■ What to work on:
Pictures aside, quote the whole listing exactly.

■ Supplied information:
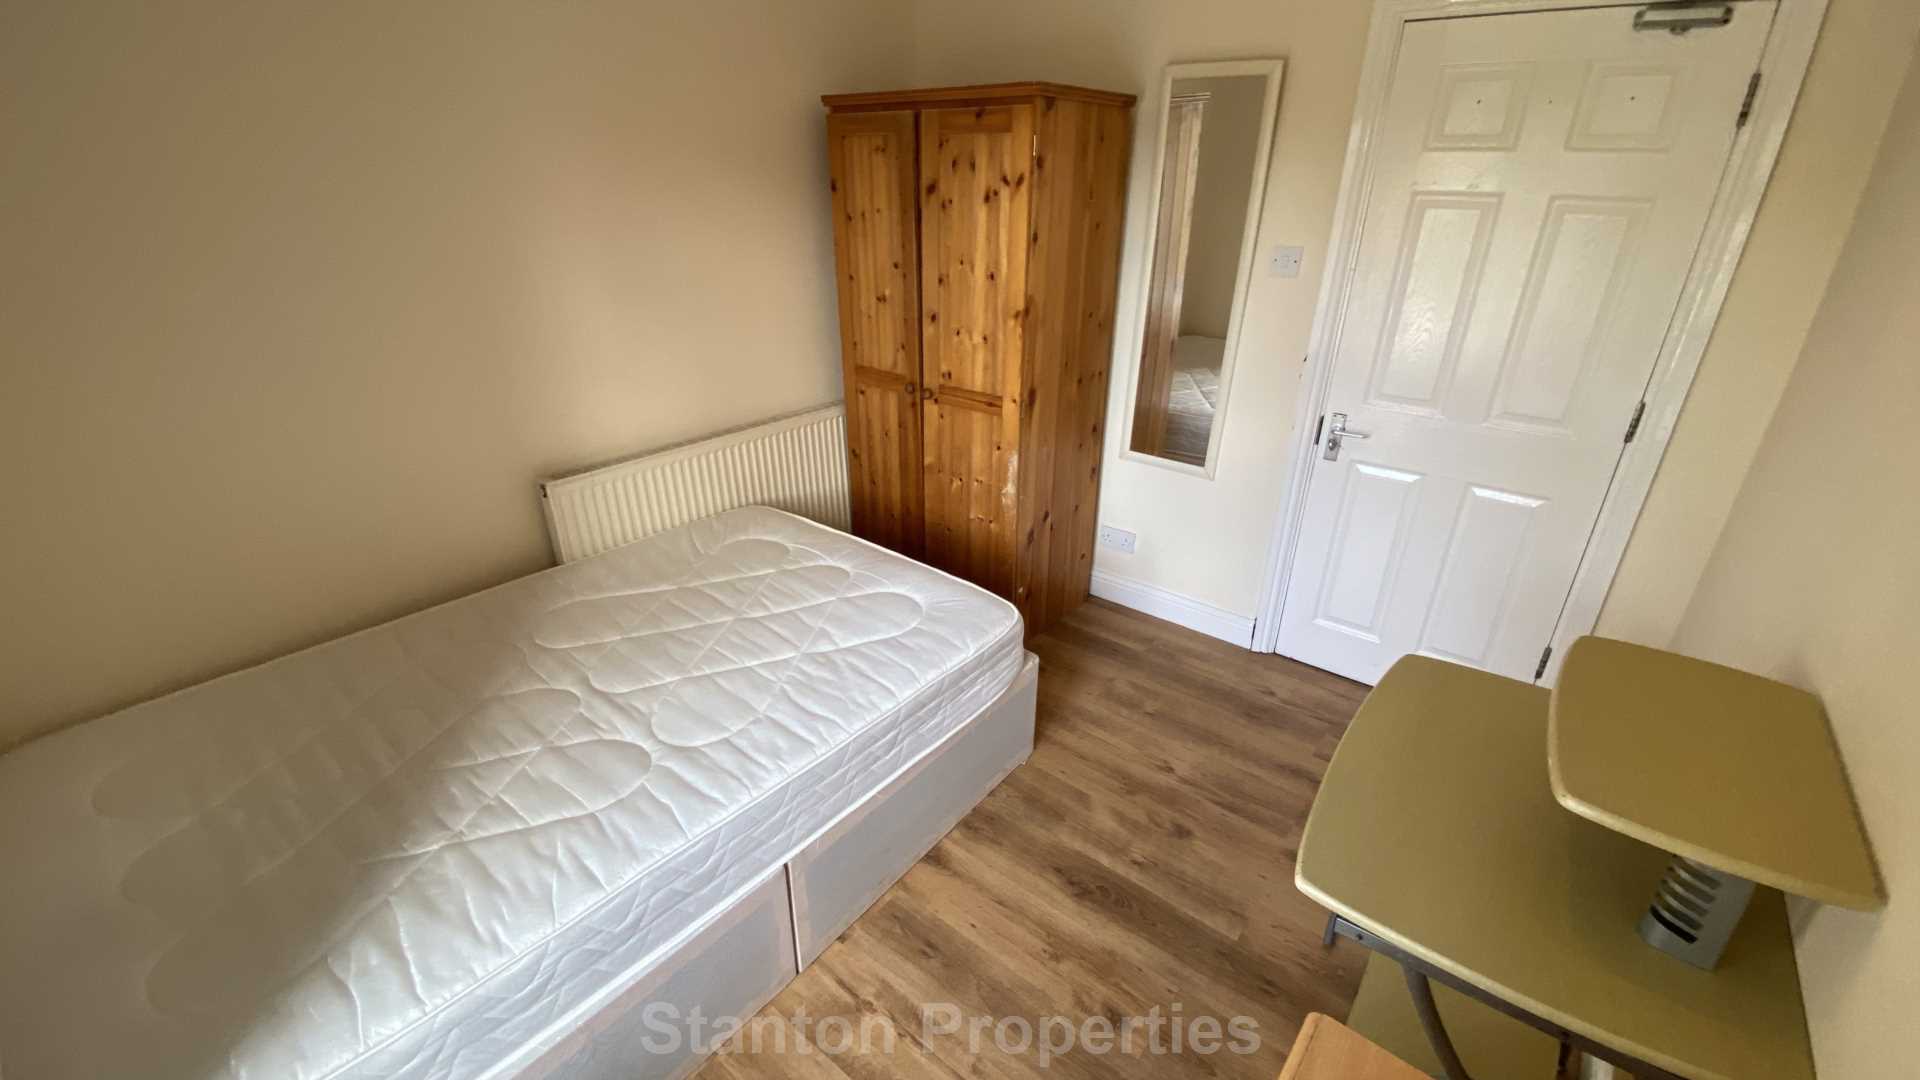 SEE VIDEO TOUR, £115 pppw excluding bills, Mauldeth Road, Withington, Image 10
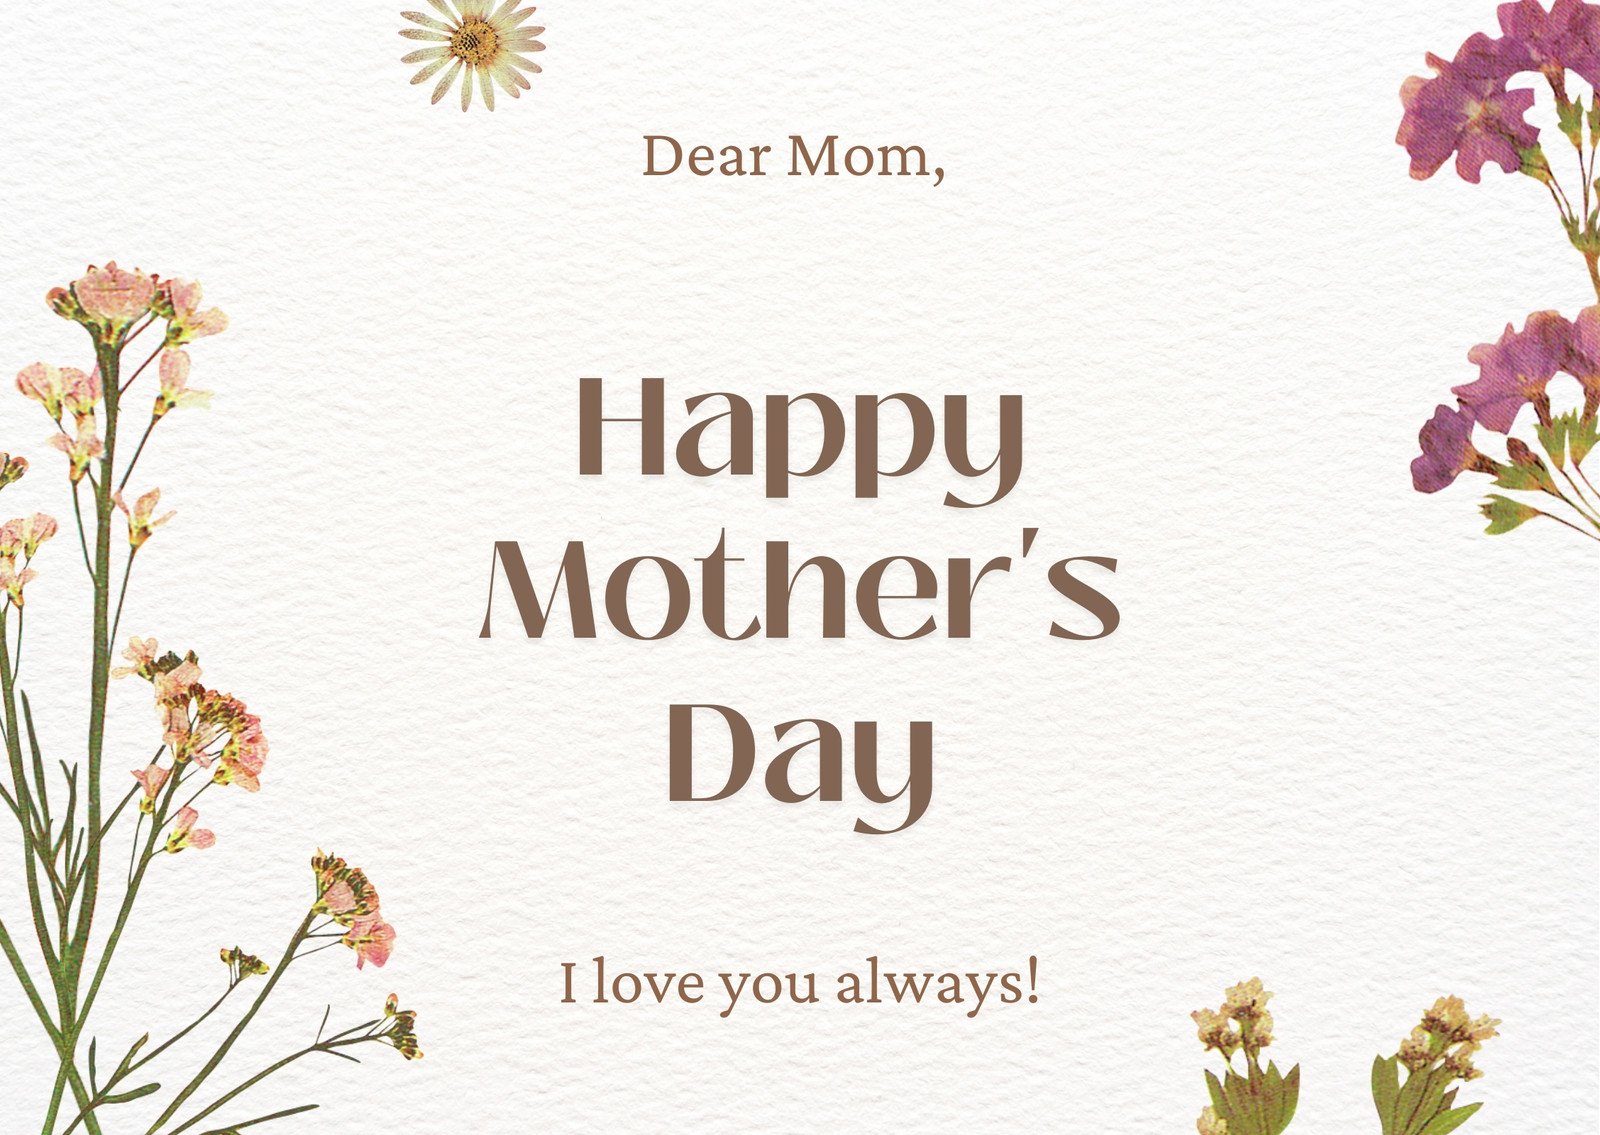 Brown and White Cute Floral Pattern Mother's Day Card
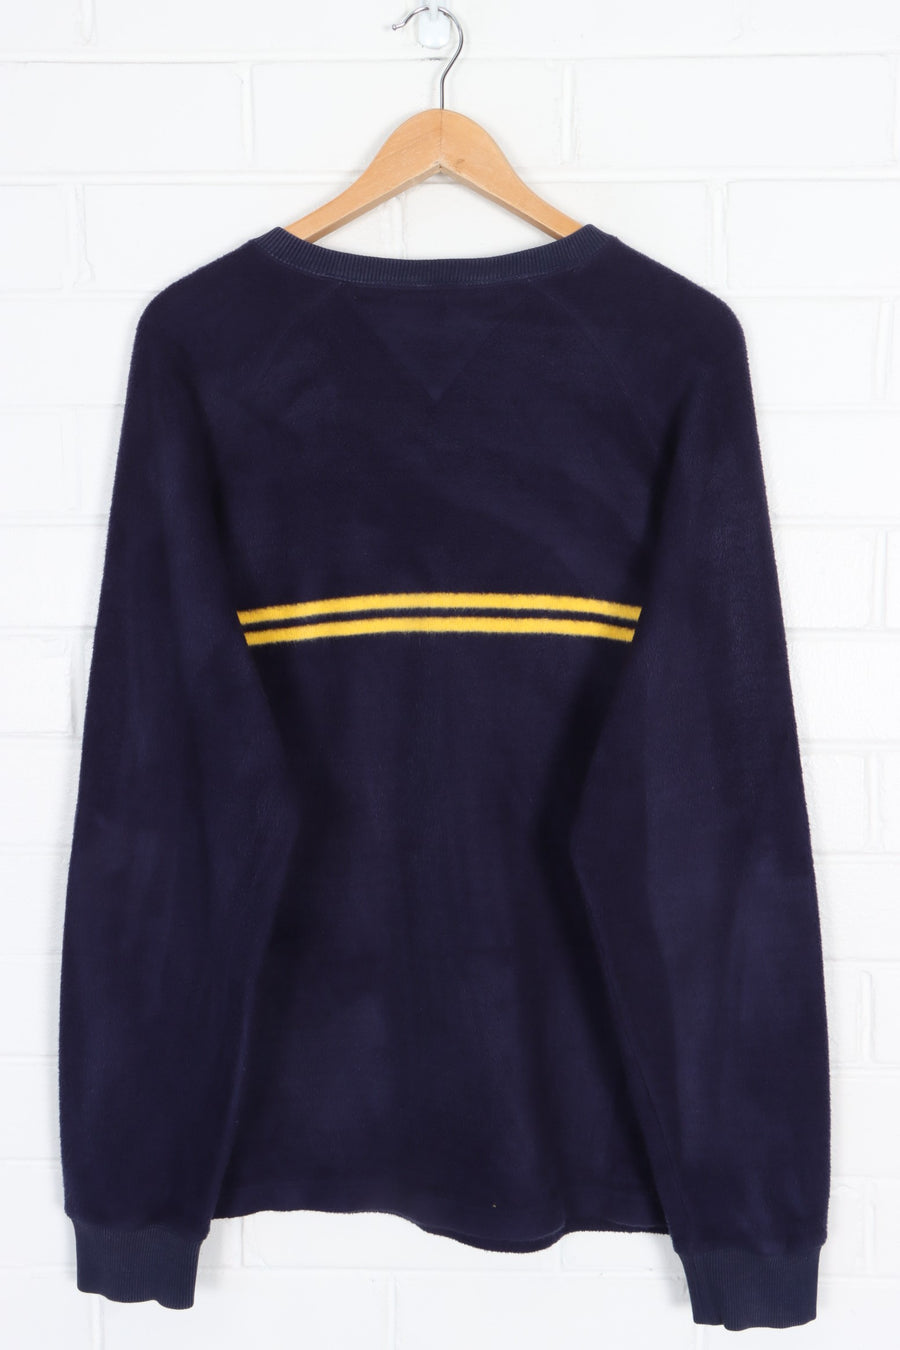 TOMMY HILFIGER 'Cold Stop' Striped Fluffy Fleece Sweater (L)

■ Solution to this problem:
 SEE VIDEO TOUR, £115 pppw excluding bills, Mauldeth Road, Withington, Image 10
 Brown and White Cute Floral Pattern Mother's Day Card
 TOMMY HILFIGER 'Cold Stop' Striped Fluffy Fleece Sweater (L)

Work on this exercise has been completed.